Having gotten Housekeeping out of the way, I found this essay by Cynthia Arias, "An American Babaylan: Living in One's Own Truth" quite useful. It's useful because modern-day Babaylanism is controversial in some circles as people grapple with the effect of the diaspora (and the resultant separation from "land"). Anyway, here's some excerpts from Arias' essay:
The concept that the Babaylan is defined by factors that override an individual’s direct experience of the originating land, the Philippine Islands, is vital to understanding the presence of the Babaylan in the Diaspora and the ways that sacred practices of the Babaylan have, as well, bridged the seas of consciousness that Pilipinos have traversed in their journeys around the world.

...

If we accept that Culture is a human construct, by which a group of individuals agree basic concepts of values, morals, mores to form a worldview, then it follows that Culture evolves as humans evolve.

...

While many may provide their perspectives, and assist in our discoveries, through critical analysis founded in scientific methodology, it is up to us to decide who we are and where we are headed.

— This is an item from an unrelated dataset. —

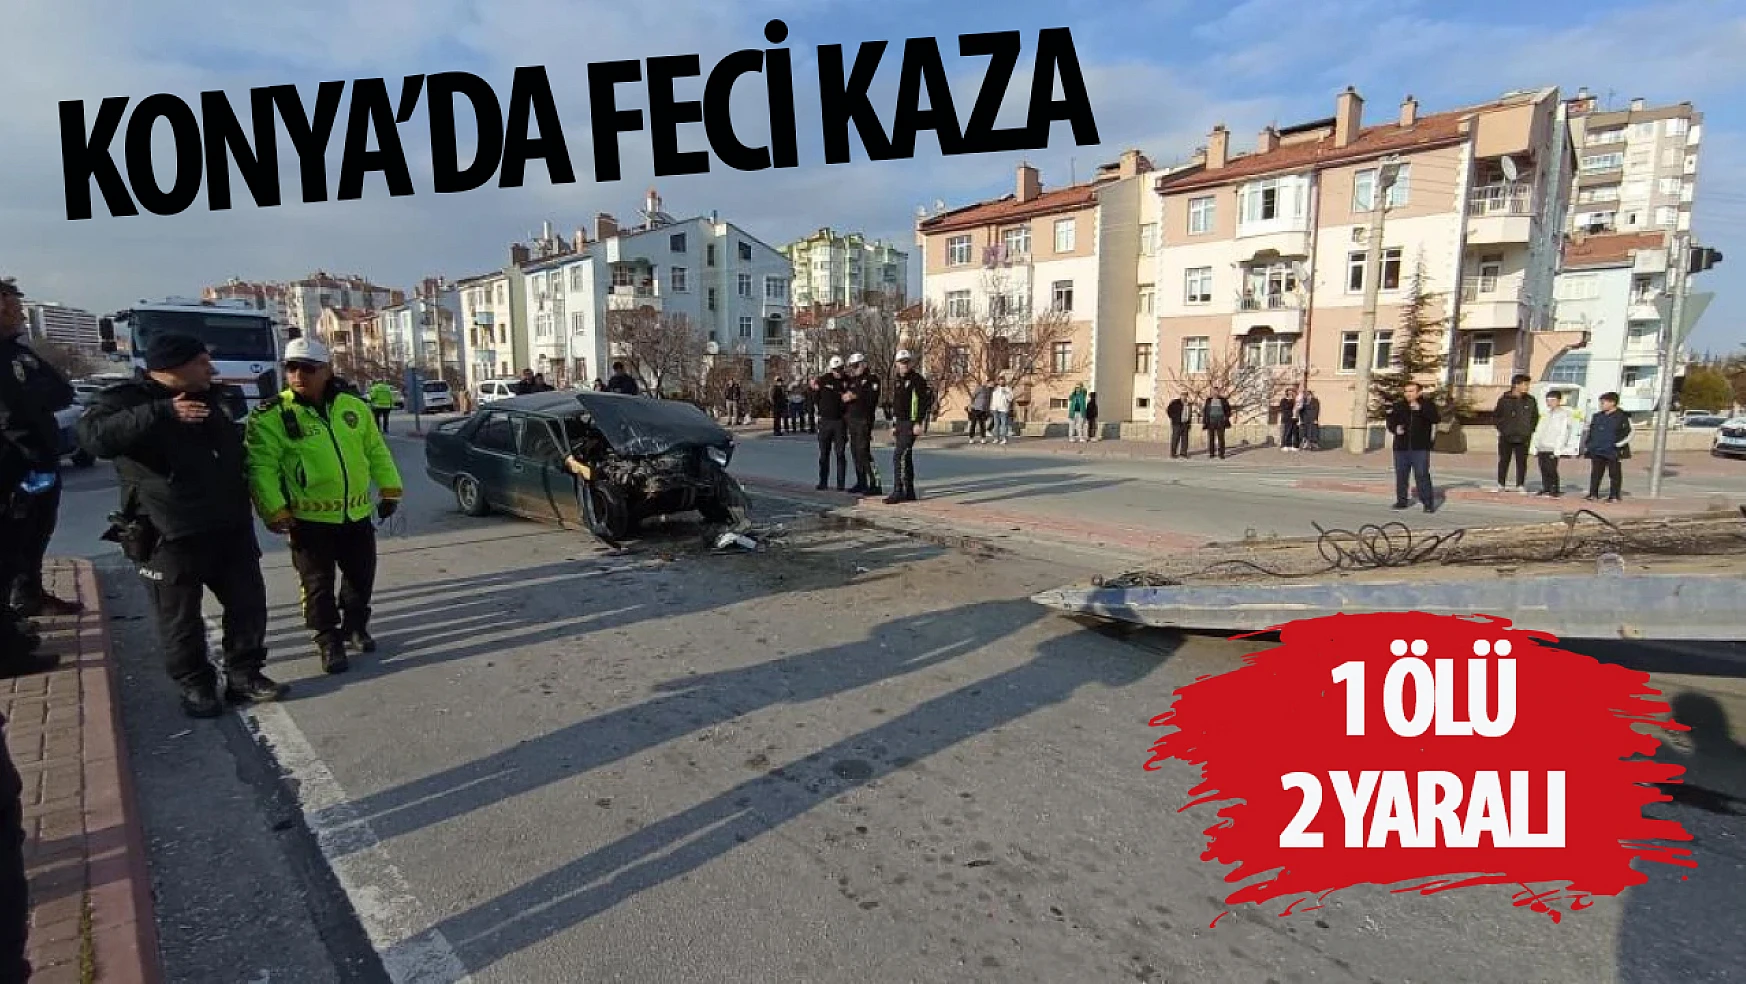 Konya'da feci kaza! Otomobil arkadan minibüse çarptı: 1 ölü, 2 yaralı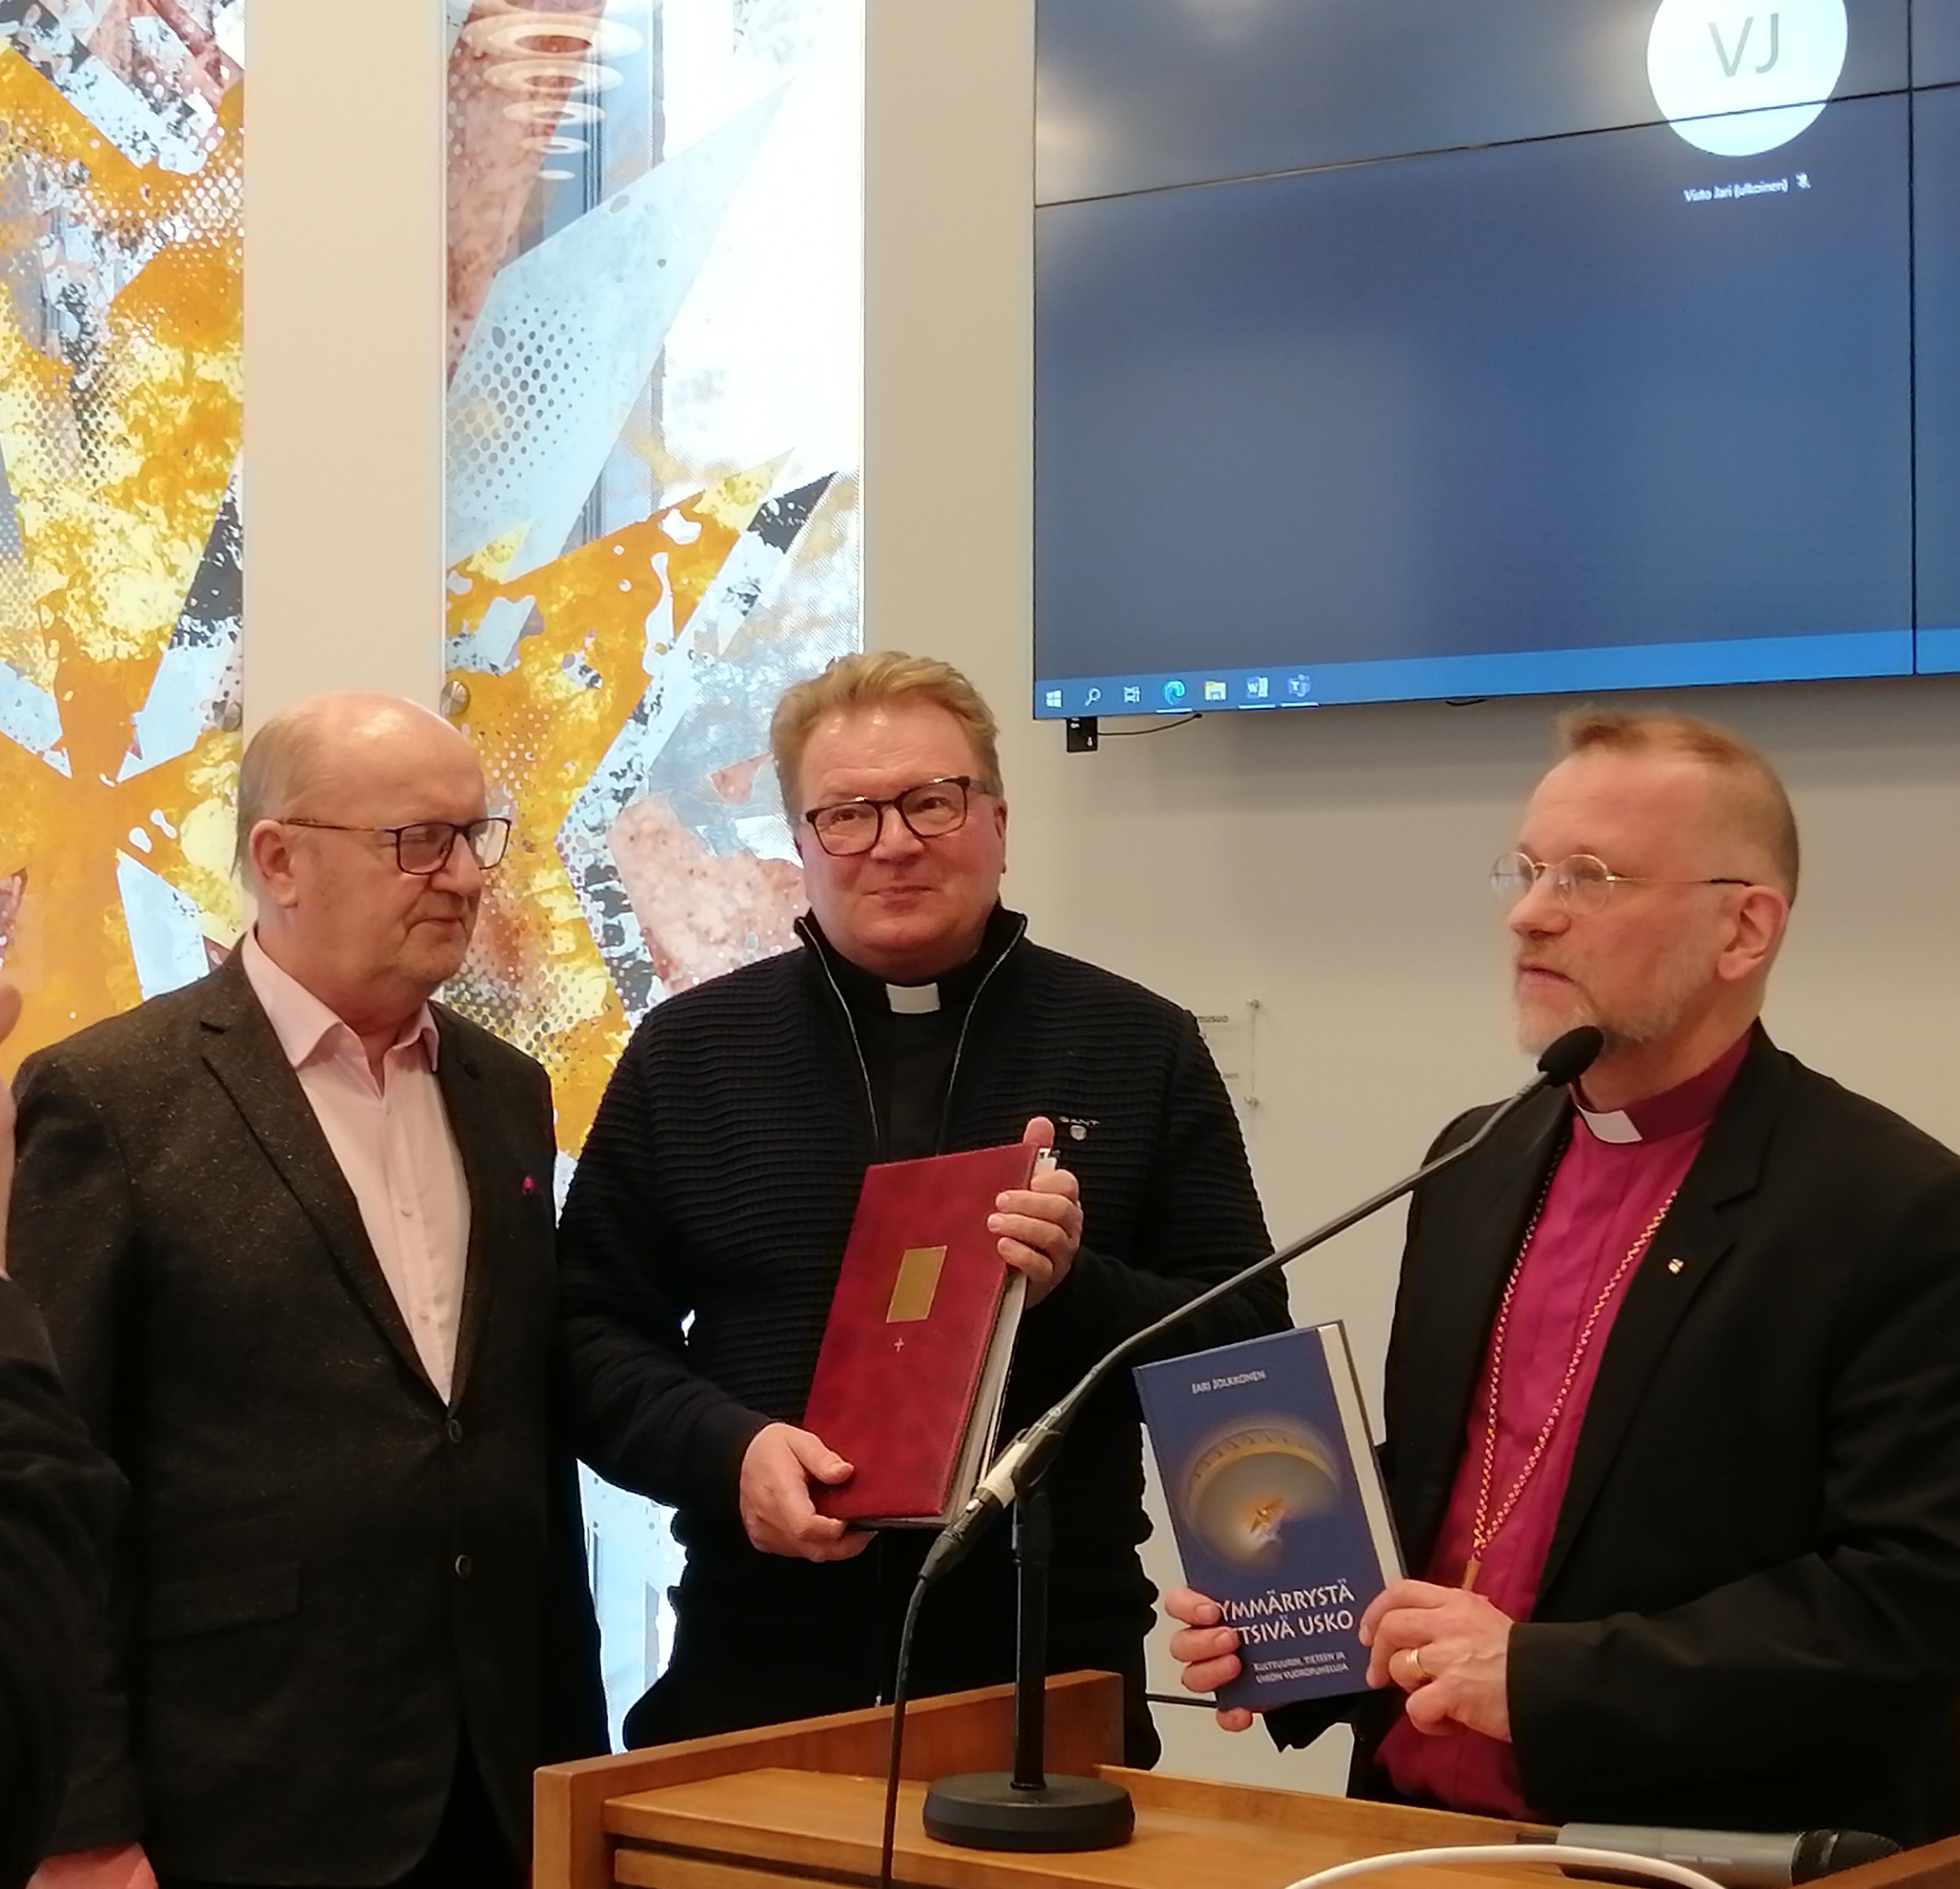 Piispa Jari Jolkkonen ojentamassa ympäristödiplomia seurakuntakeskuksella 25.1.2023

Modern-day Babaylanism is empowering.

The Babaylan Conference, which seeded this issue, also empowered Mom to write her first book (which I'm reviewing now). But here is also one of her narratives, a memoir from 1939 entitled "Dawac". Good for Mom!

Also useful is the essay "Ways of the Babaylan" by Katrin de Guia. It's clear from her essay that empathizing/understanding (in my opinion, if you understand Babaylanism, understanding cannot occur without empathizing) cannot occur without that thing that many folks are scared to discuss: love. I do think Ben Okri's quote relevant: "Only those who truly love and who are truly strong can sustain their lives as a dream. You dwell in your own enchantment. Life throws stones at you, but your love and your dream change those stones into the flowers of discovery."

It takes courage to love as a Babaylan would/does. For, as de Guia puts it, "The first priority of the babaylan is the community."

I appreciate Babaylanism because it requires intelligent innocence.